L'emergenza Covid-19 ha moltiplicato la pressione sugli anziani per l'uso dei media e dei servizi digitali, con un brusco cambiamento nel discorso pubblico nel nostro Paese: gli anziani sono passati rapidamente dall'essere “strutturalmente” inadatti a usare le tecnologie all'essere costretti a usarle per dimostrare di essere ancora attivi e connessi nonostante le restrizioni dovute alla pandemia.
La nostra ricerca qualitativa longitudinale (2020-2024), condotta intervistando un panel di 40 anziani italiani, cerca di ricostruire le strategie adottate dagli anziani per sfidare gli stereotipi che collegano l'uso/non uso delle tecnologie digitali ai processi di invecchiamento.
In particolare, la ricerca porta alla luce il tentativo degli anziani di trovare una propria “strada” nell'uso delle ICT, che superi sia gli stereotipi ageistici di anziani naturalmente lontani dal mondo digitale, sia gli stereotipi di anziani che per rimanere attivi, affrontare l'emergenza Covid-19, vivere a pieno la propria vita hanno bisogno di essere iperconnessi.

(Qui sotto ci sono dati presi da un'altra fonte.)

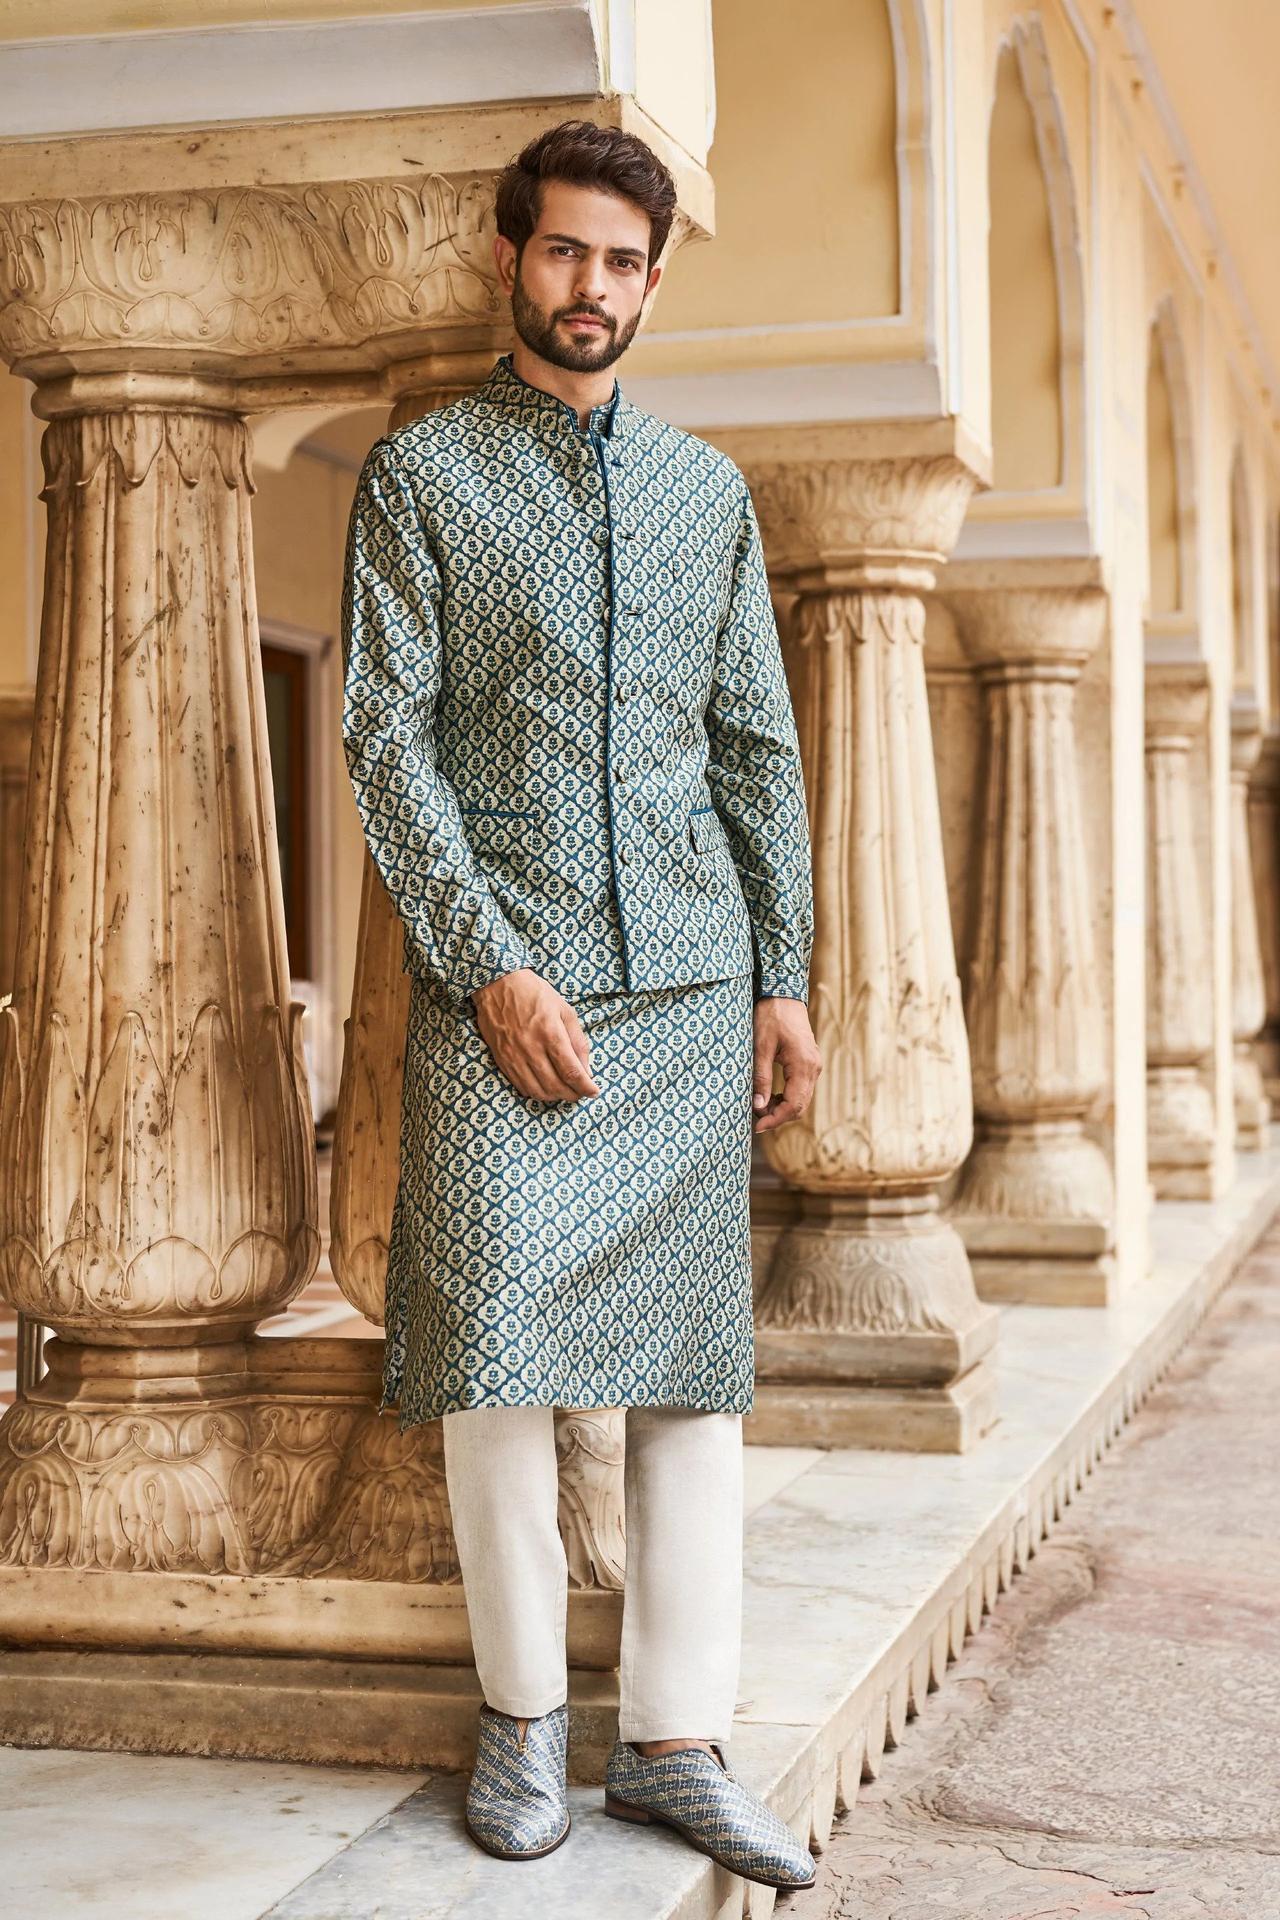 12 Sherwani Shoes That Every Indian Groom Should Own!

Nonostante la generale spinta all’inclusione digitale degli individui anziani, la ricerca mostra una interessante capacità di resistenza della popolazione anziana, in grado spesso di scegliere tempi e modi di utilizzo delle ICT, nonostante la pressione alla digitalizzazione. Le forme di disconnessione volontaria, negoziazione, rifiuto da parte della popolazione anziana all’utilizzo di tecnologie digitali hanno reso le traiettorie di utilizzo delle ICT da parte degli over 65 spesso sorprendenti e non scontate.